Ya el 7 de octubre quedó atrás, pero sus secuelas están allí, latentes aún, y así permanecerán por algún tiempo.
La alternativa democrática, aunque avanzó en cuanto a proporción de votos, no pudo imponerse. Y entonces se desperdició una oportunidad abierta para sembrar la conciliación en el país, y desterrar el odio, el resentimiento y el desconocimiento del otro, atmósfera dentro de la cual avanzar se vuelve tortuoso.
La reflexión de lo que pasó ese día debe hacerse. Quizá no ahora, sobre la marcha de un nuevo proceso electoral igualmente importante; pero debe hacerse. No sólo es prudente sino necesario, esencial, si se aspira a evitar, en el futuro, nuevos reveses tan traumáticos como el reciente.
Es preciso saber por qué pasó todo lo que pasó. Por qué dejó de pasar cuanto se esperaba. Debemos conocer bien la historia, para poder avanzar sobre seguro.
Es fundamental saber dónde ha estado la falla, por qué a la mitad del país no le llega el mensaje de la paz, el de la construcción, entre todos, de una nación próspera, abierta a todas las corrientes del pensamiento, en la que sea posible el ascenso social por la vía del estudio, el esfuerzo creador, la constancia. Y la honestidad.
Es imprescindible descifrar la razón por la cual temas como el de la espantosa inseguridad que vivimos no produce la repulsa que es dable aguardar en el seno de cualquier sociedad más o menos informada.
Saber, además, por qué se perdona una ineficiencia tan arraigada e inconmovible en la conducción de los asuntos del Estado.
Por qué la gente prefiere reelegir hasta por un lapso de 20 años, un estilo autocrático de gobernar. Aprueba la concentración de todos los poderes, pisados por una misma bota.
Por qué al ciudadano común no le importa el catastrófico estado de la infraestructura. La pésima condición de los servicios públicos, entre ellos el de la salud. La persistente violación de los derechos humanos. La incurable regaladera de nuestros recursos a otras latitudes.
¿Por qué la crítica a faltas y omisiones tan graves como evidentes, no encuentra una sintonía suficiente en la masa que a diario las sufre?

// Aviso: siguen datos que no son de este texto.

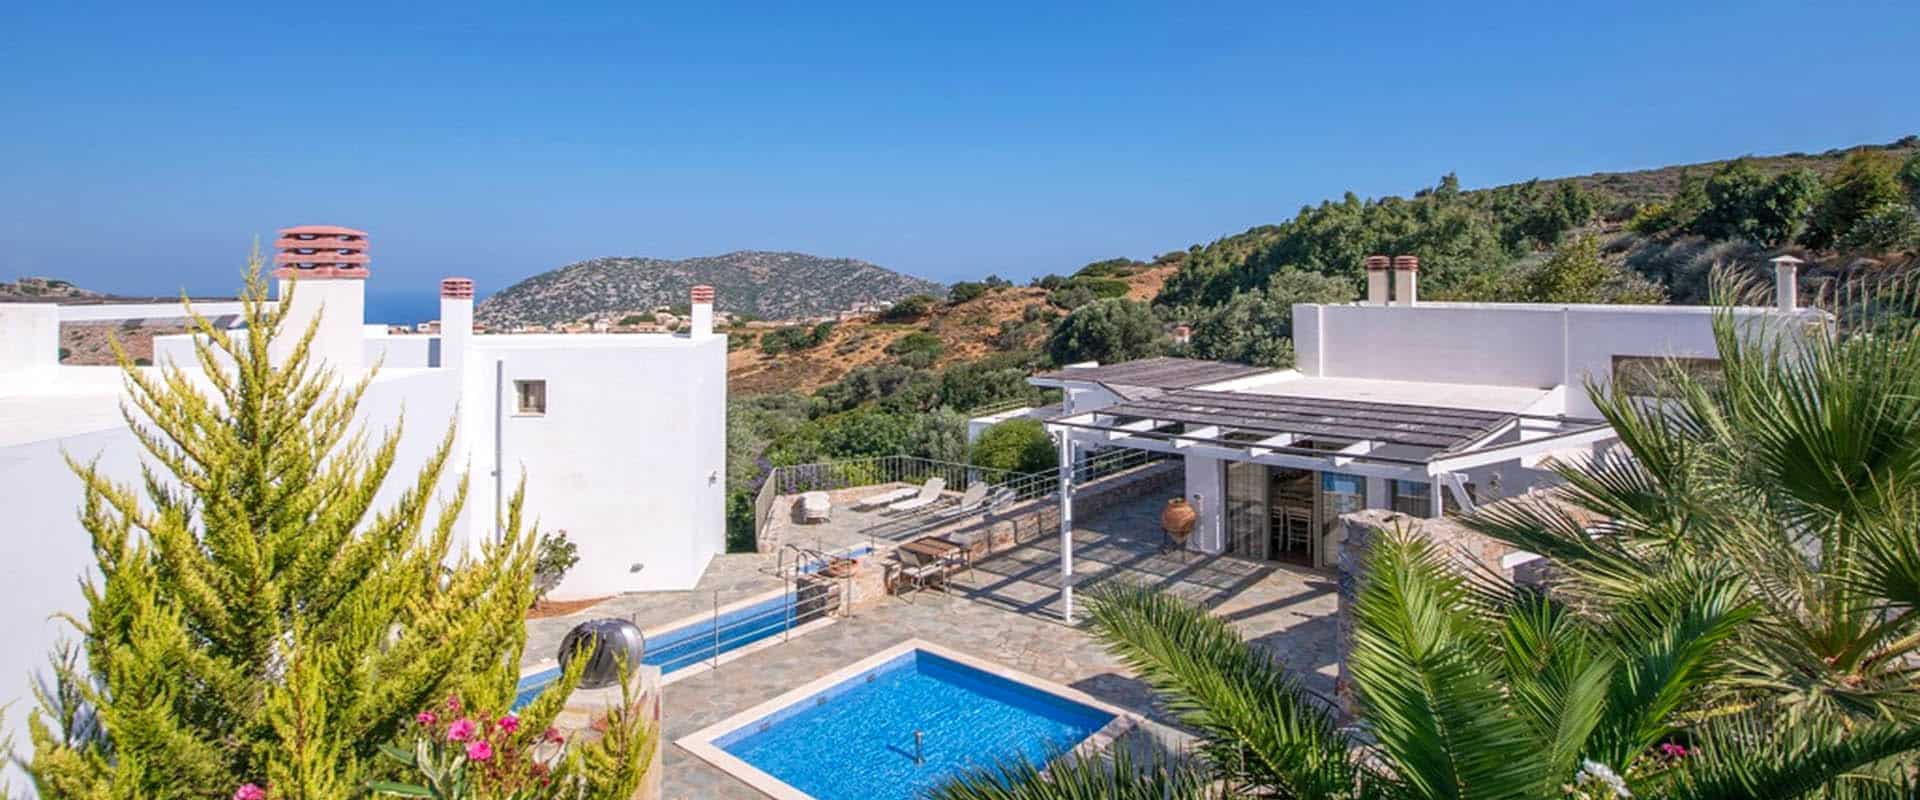 ecoturismo vacanza hotel turismo sostenibile Creta Grecia

¿Por qué un hemisferio de Venezuela es absolutamente sordo a las agitaciones y a los alertas del otro? ¿Por qué fue más poderoso el temor a cambiar que el temor a dilatar el actual estado de cosas? ¿La falla está en el mensaje, o es más compleja aún? ¿La atadura de los programas sociales, sólo eso, obró el siniestro milagro de ratificar tan escandalosa forma de maniobrar los intereses colectivos?
Este análisis es pertinente. Debe afincarse, a nuestro juicio, no sólo en la urgencia de alumbrar derroteros, sino, por sobre todo, en el inexcusable compromiso de preservar la esperanza.